PROVIDED MATERIAL: Begin
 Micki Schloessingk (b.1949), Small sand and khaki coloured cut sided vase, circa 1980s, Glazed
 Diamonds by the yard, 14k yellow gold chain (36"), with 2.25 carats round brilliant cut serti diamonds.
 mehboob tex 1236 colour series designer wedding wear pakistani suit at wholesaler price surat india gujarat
PROVIDED MATERIAL: End
EXERCISE PROMPT: Give again only the lines starting at the one that contains "Diamonds by the" and running to the end of the data.

TASK RESPONSE:
 Diamonds by the yard, 14k yellow gold chain (36"), with 2.25 carats round brilliant cut serti diamonds.
 mehboob tex 1236 colour series designer wedding wear pakistani suit at wholesaler price surat india gujarat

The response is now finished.